**Provided entries**
----------------

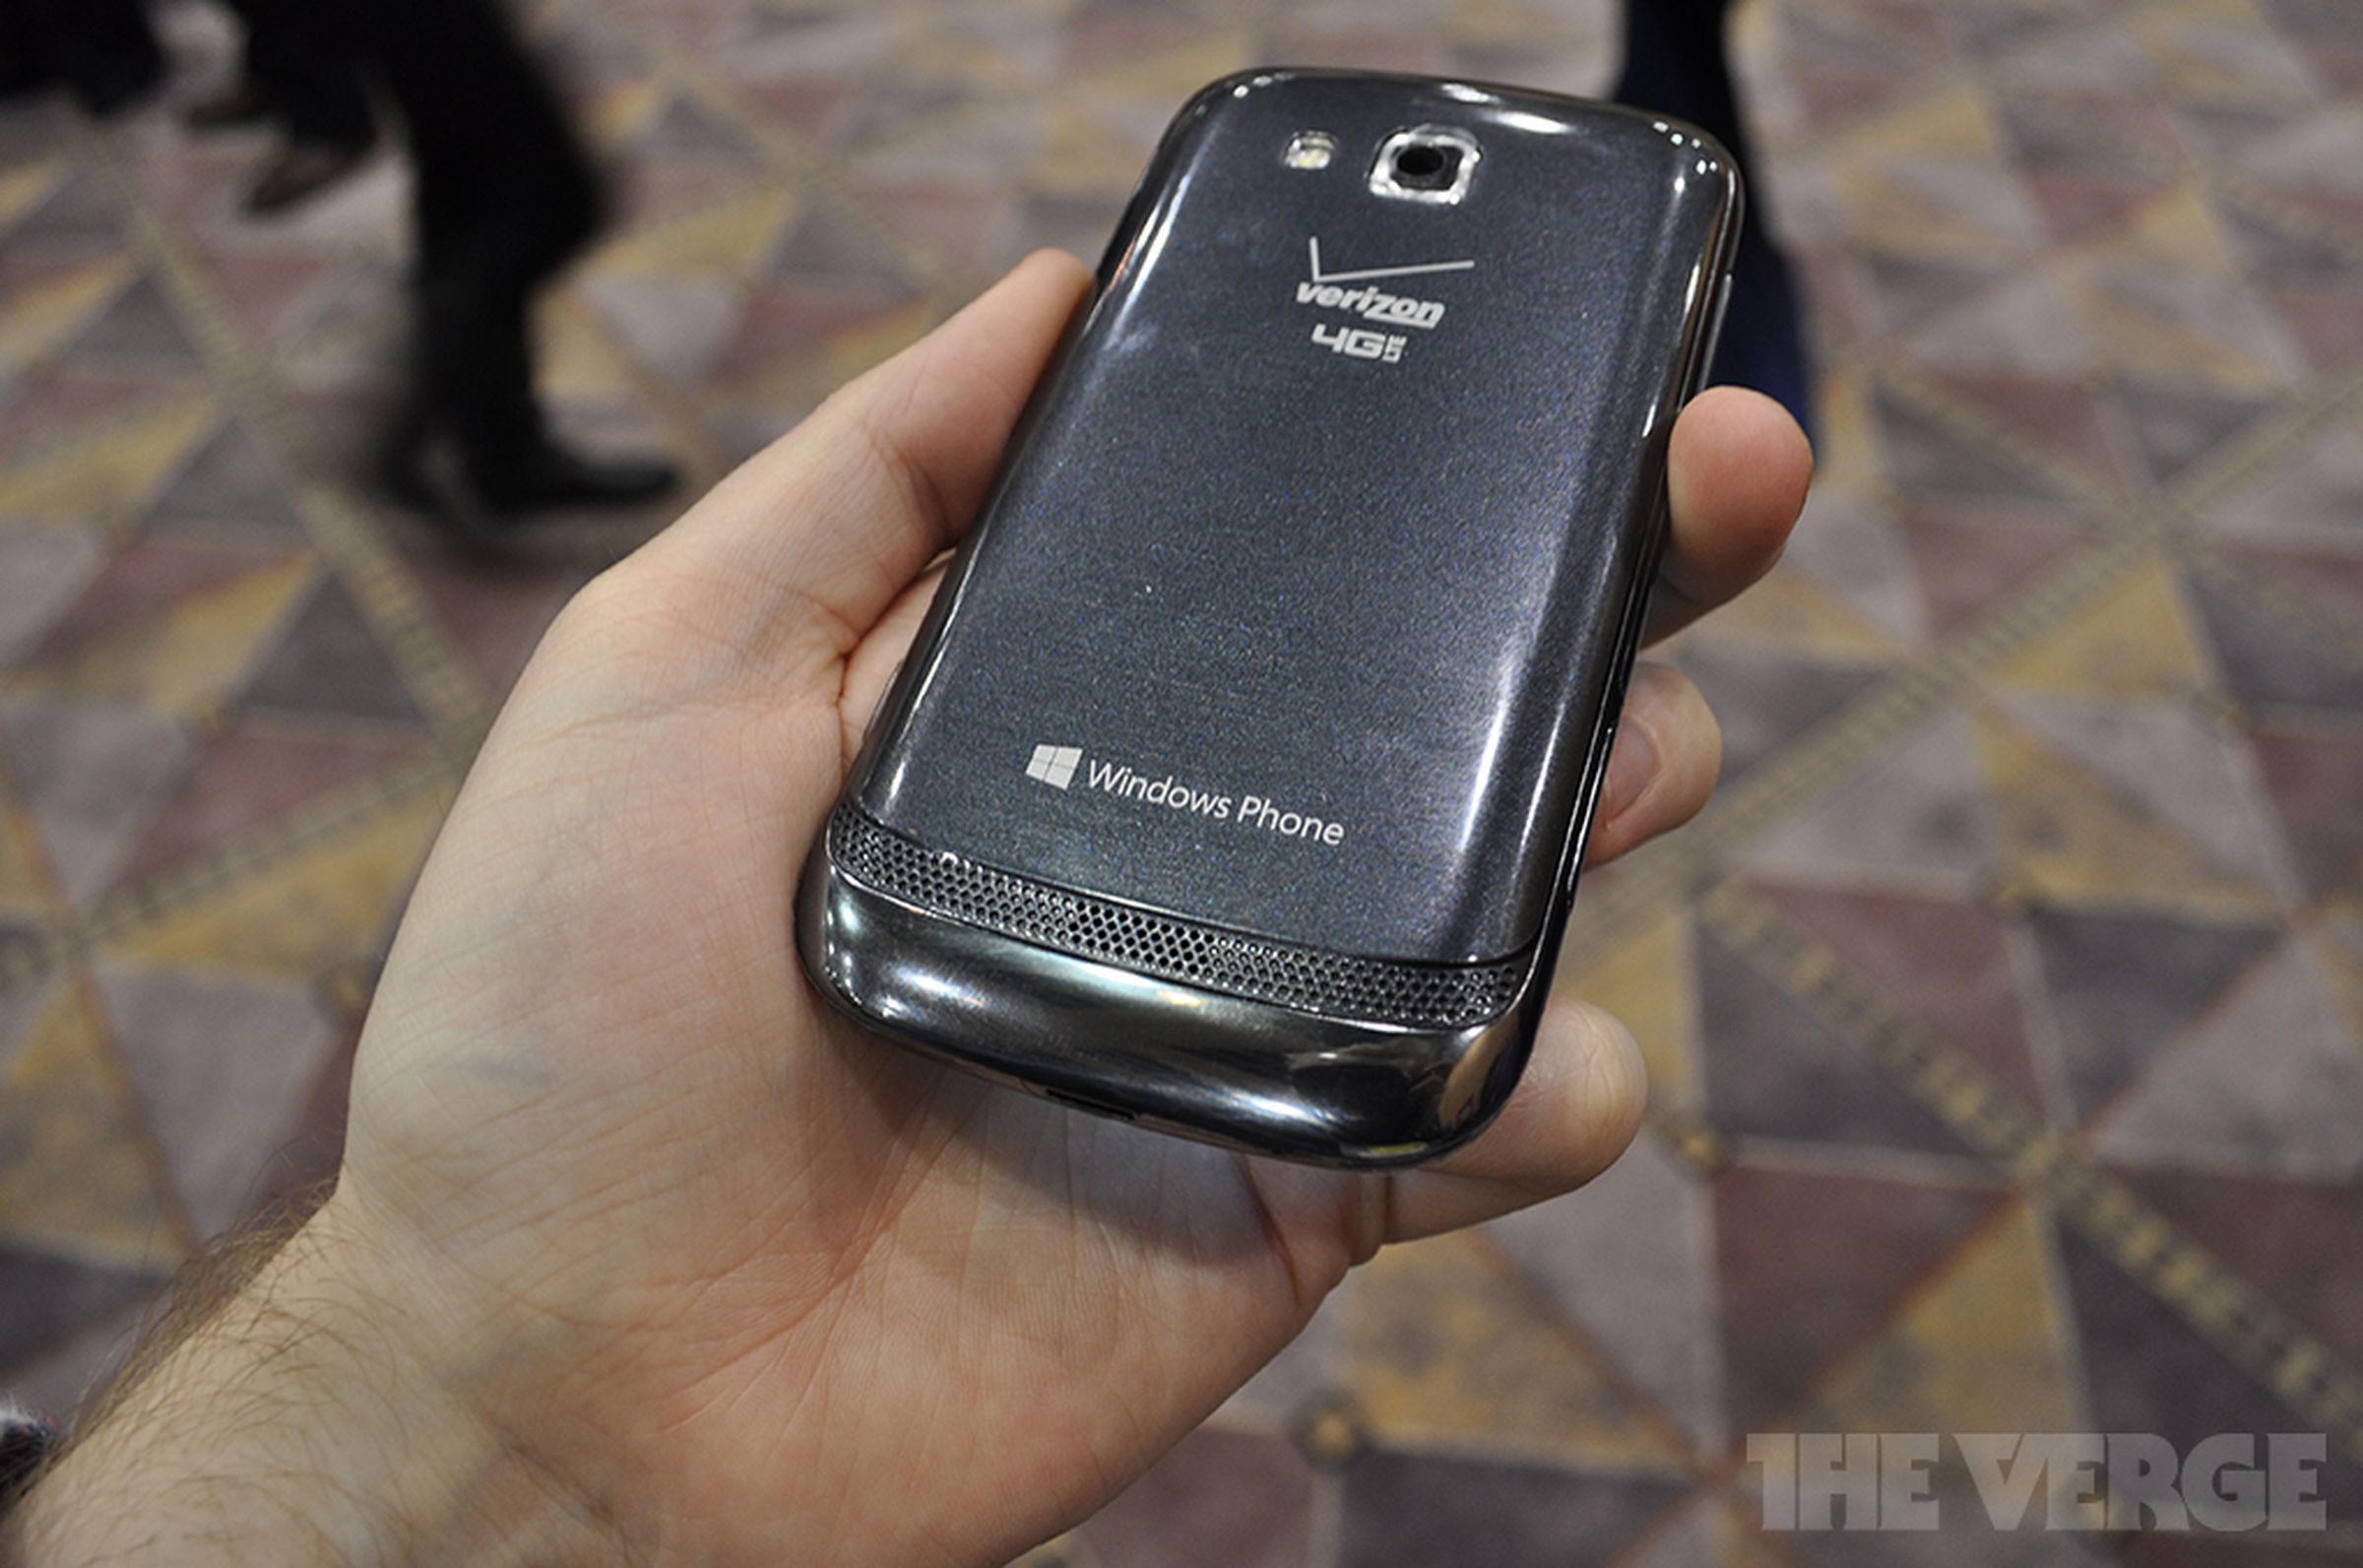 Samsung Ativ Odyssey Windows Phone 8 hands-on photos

----------------

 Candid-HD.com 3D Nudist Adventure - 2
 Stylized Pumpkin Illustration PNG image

----------------

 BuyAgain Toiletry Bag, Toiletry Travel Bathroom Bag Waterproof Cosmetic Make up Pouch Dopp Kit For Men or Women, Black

----------------

**Exercise**
Retype only the stretch of lines above starting at the one with "Candid-HD.com 3D Nudist Adventure - 2" and stopping at the one with "Stylized Pumpkin Illustration PNG image", exactly as written, with both kept.

**Answer for this exercise**
 Candid-HD.com 3D Nudist Adventure - 2
 Stylized Pumpkin Illustration PNG image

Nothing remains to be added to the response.